To start, you’ll have to sit on the ground with your feet out in front of you. Then, take your left leg and place your foot on your inner right thigh. Do the same with your right leg and you should make sure that it is up against your pubic bone.

Remain in this position and breathe deeply. You can repeat the position in the opposite direction.

  1. Garduasana

In this pose, you’ll need to have a good sense of balance. It is best that it is done against a wall or against heavy and stable furniture. This is a fantastic pose for improving blood circulation in the pelvic which will greatly help with erectile dysfunction.

To do this pose, you’ll need to be standing up straight.
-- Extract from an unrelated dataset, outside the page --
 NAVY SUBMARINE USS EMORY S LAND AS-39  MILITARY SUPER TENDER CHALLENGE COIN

Then, visualize your right leg is deeply rooted into the ground and lift your other leg and place it over your right knee, twist it until the top of your foot is against your right calf. In order to deepen the stretch, bend at your knee. You can also cross your arms over one another if desired. Once the pose is held for a couple seconds, it can be released and repeated on the next side.

  1. Pavanamuktasana

This is a great pose that will help with getting rid of gas and improve intestinal motility. It will also help to improve mobility in the pelvis region.

To start, you will need to lay flat on the floor with your feet out in front of you. Then, breathe in slowly and raise one of your knees to your chest. Place your arms around the knee and pull it towards your stomach as much as you can. Breathe and hold the position for a couple moments then release the pose and repeat with the next leg.

  1. Shavasana

This is typically the final pose that is done in a yoga class and it is also called the corpse pose. It is a very challenging pose and you’ll need to focus on your breathing and become quite silent and introspective.
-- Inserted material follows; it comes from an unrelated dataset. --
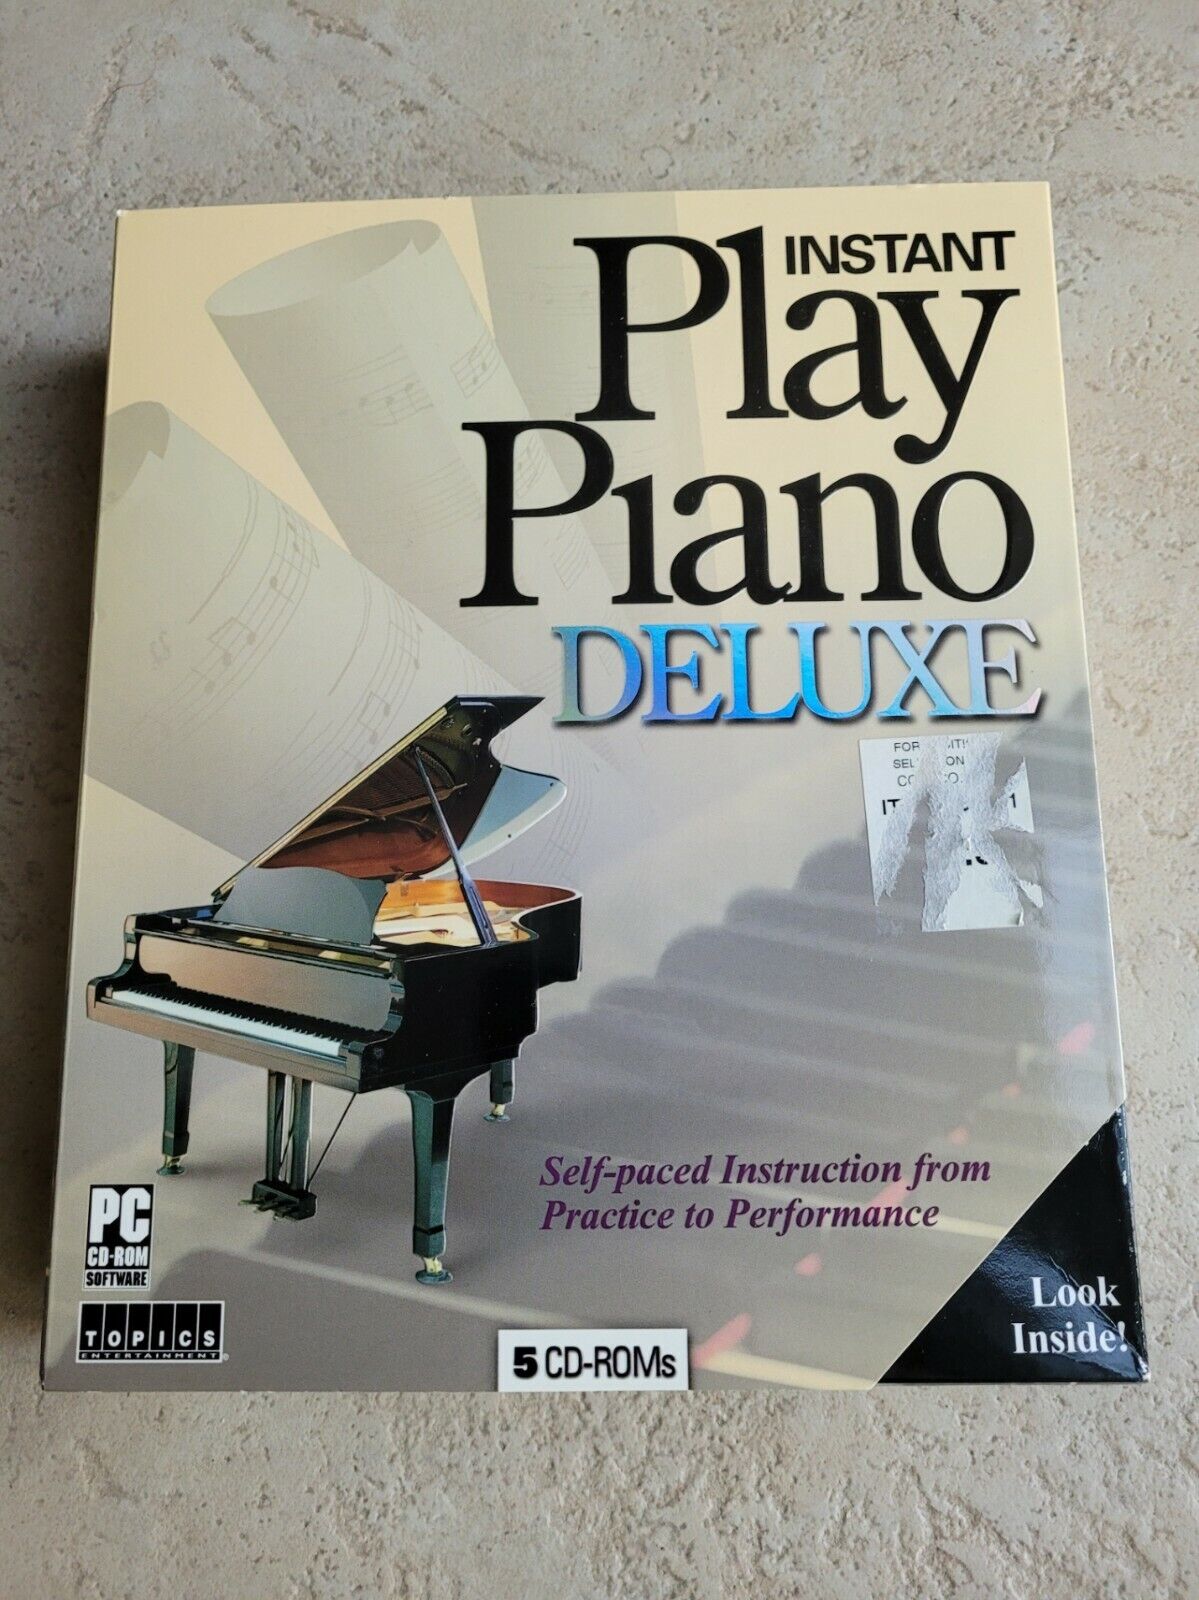 Instant Learn To Play Piano Deluxe (CD-ROMs)

To start, you will have to lay on the ground on your back and stretch your arms out with your palms upwards. Then, think about your body relaxing and visualize every body part relaxing, starting from your toes going upwards. Aim to breathe as deeply as you can while relaxing your entire body. This pose can take as long as 20 minutes to fully complete.

Yoga Poses You Shouldn’t Do

There are no specific yoga poses that will negatively impact your ability to sexually perform, however, it is best to avoid poses that can cause strains.
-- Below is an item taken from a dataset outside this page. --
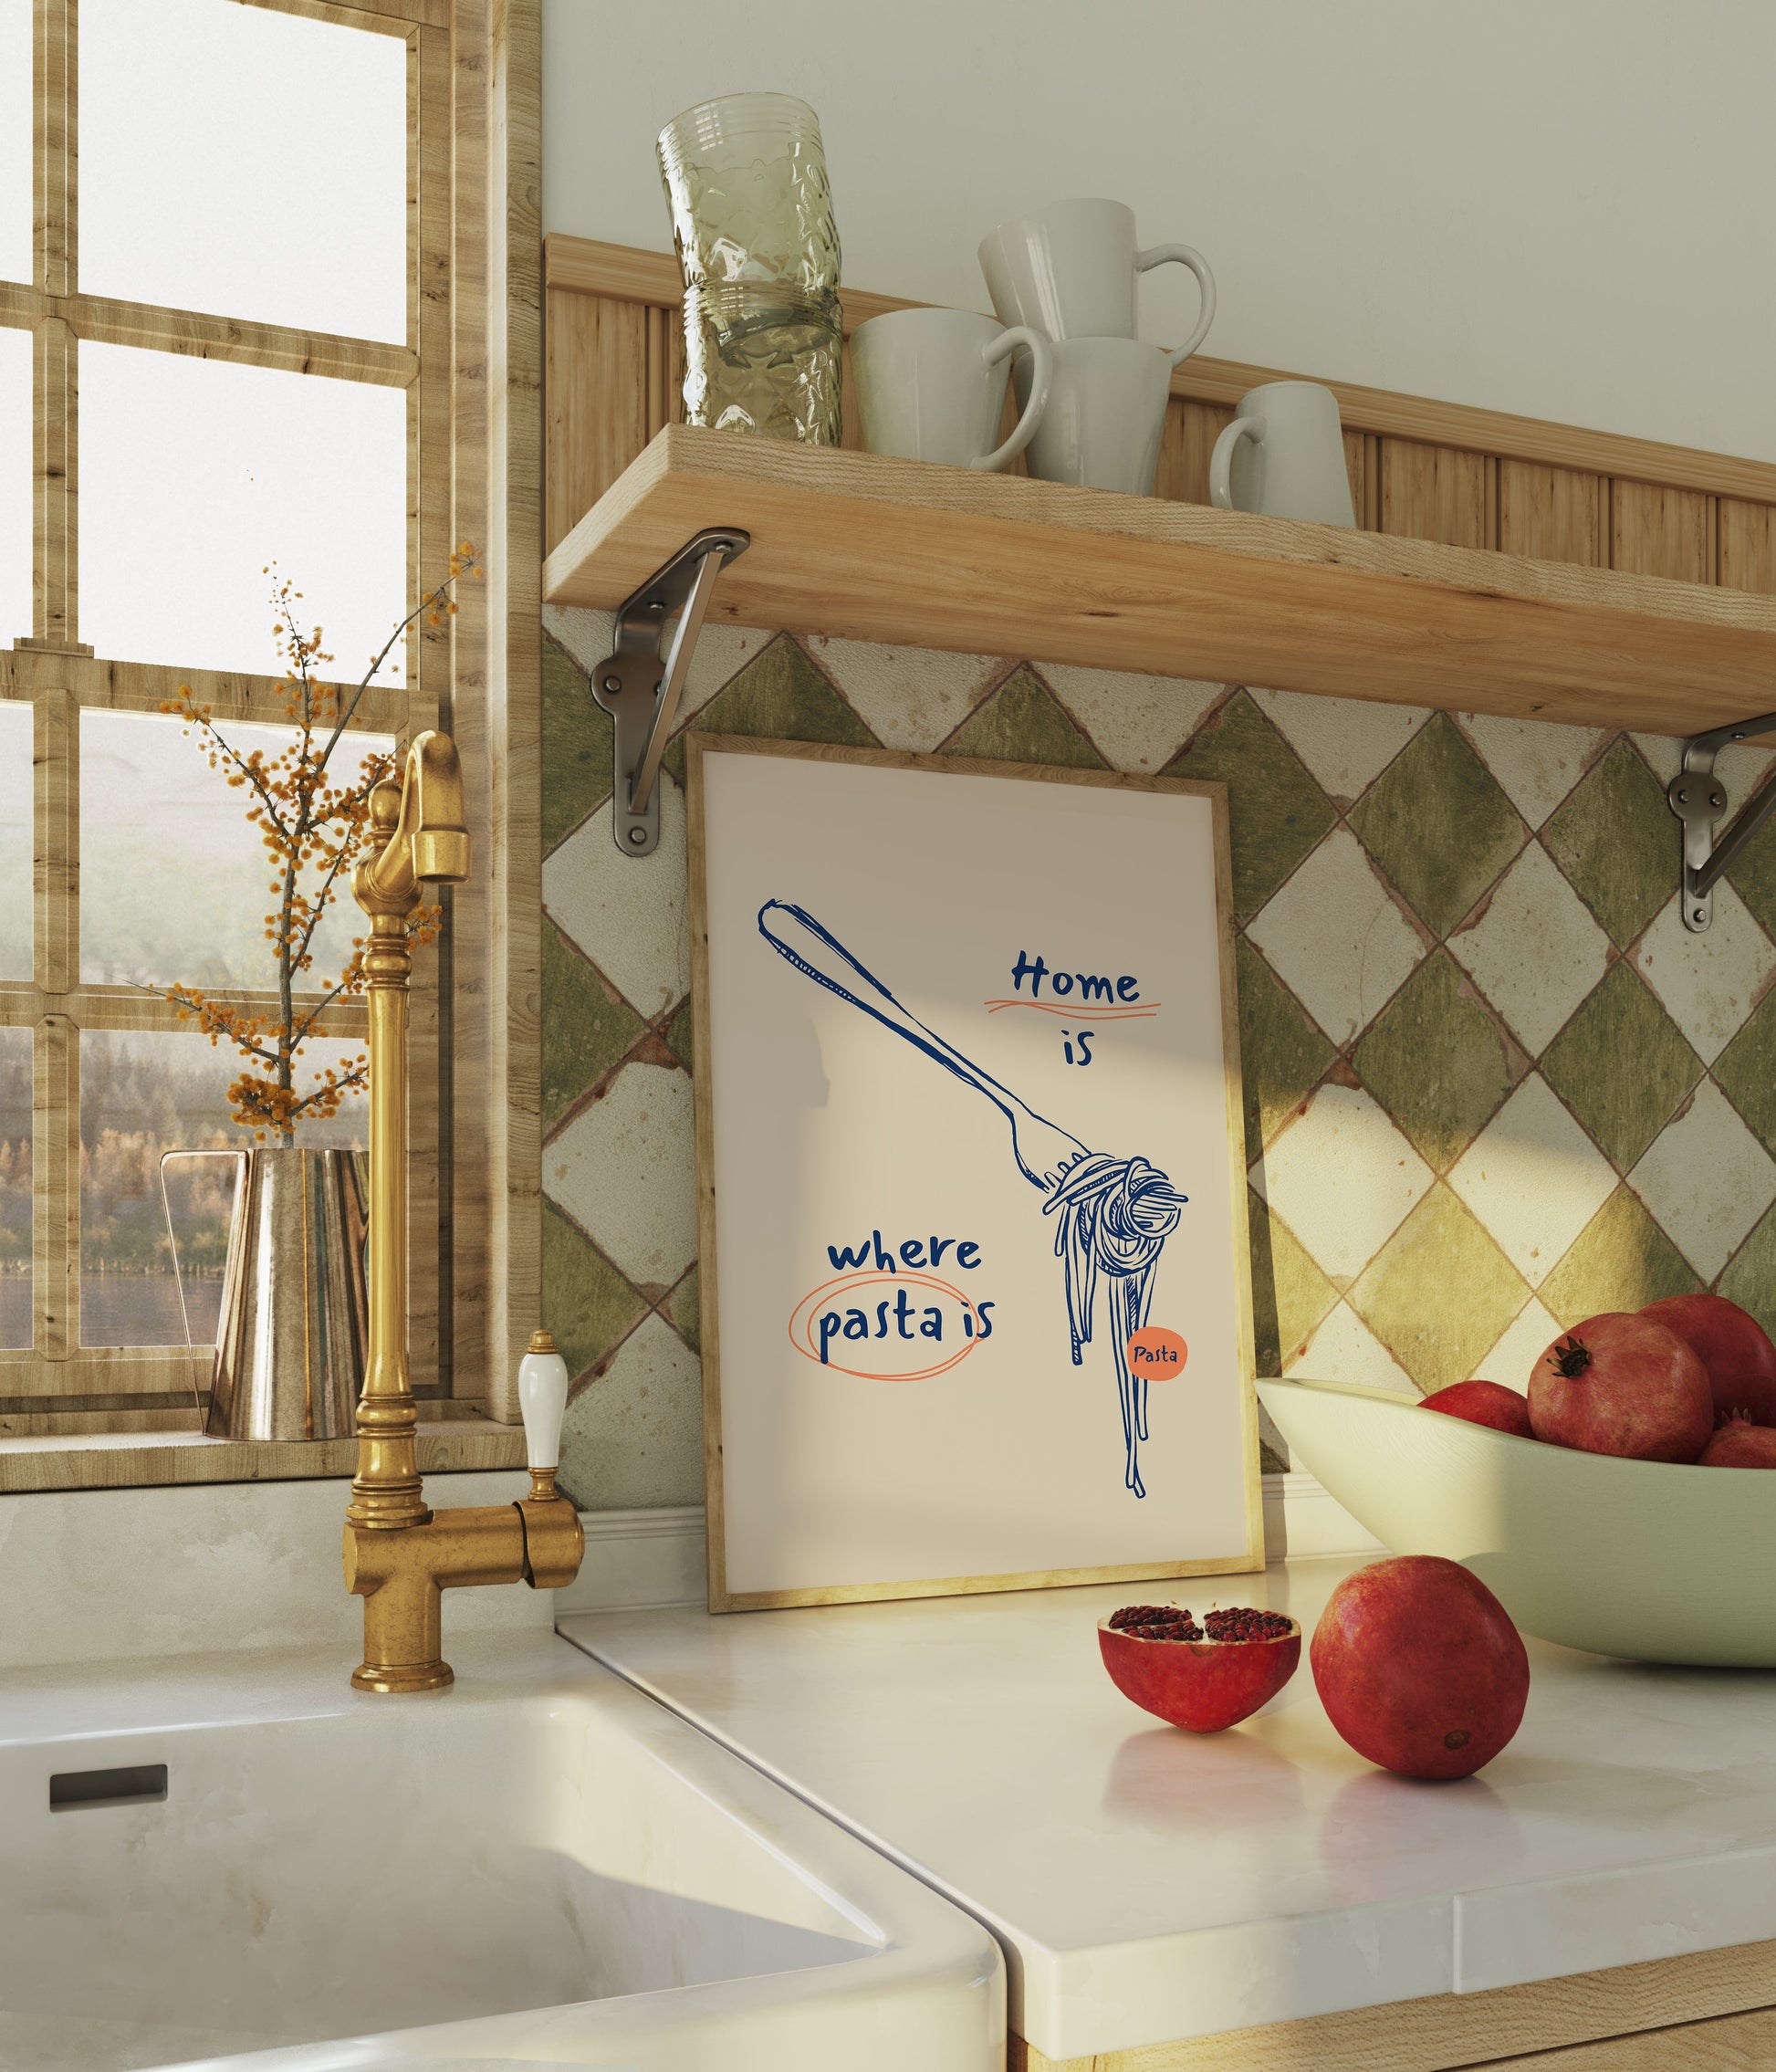 a picture of a kitchen with apples and a bowl of apples

If you’re a beginner, it is highly recommended that you seek the guidance of an experienced yoga instructor.

erectile dysfunction issues

Research Studies & ED

There is a study in the Journal Of Sex & Marital Therapy which clearly indicated that yoga can greatly help to reduce your BMI, blood pressure and heart rate.

Being overweight with a high BMI as well as blood pressure issues have been shown to be connected to erectile dysfunction. So, since yoga can help with these issues, it can also help ED.

There is also a great deal of evidence that clearly shows that yoga is great for increasing blood flow in the lower body and pelvis, which will help sexually.

Yoga Studies

There was a study done where 65 men were studied while they underwent a 12 week yoga session. These men were aged between 24 to 60 years old and they were asked to rate their sexual ability after practicing yoga. After the 12 weeks, many of these men indicated that they had an increased ability to control their erection and ejaculation.

Reduces Stress

In another study, men with erectile dysfunction were given tadalafil or Cialis while they underwent a stress management course. This was done over an 8 week period and at the end, the majority of the men had lower stress levels and lower amounts of cortisol which is the stress hormone. This caused them to have improved sexual function.

Even though this study did not include yoga, it clearly shows that stress reduction helps with ED and yoga actually reduces stress.

Conclusion

It is important to talk to your doctor before you start doing yoga. This is important because there are different types of yoga and some may be too strenuous, depending on your current health. For example, if you have high blood pressure or heart issues, then it may be best to avoid hot or Bikram yoga.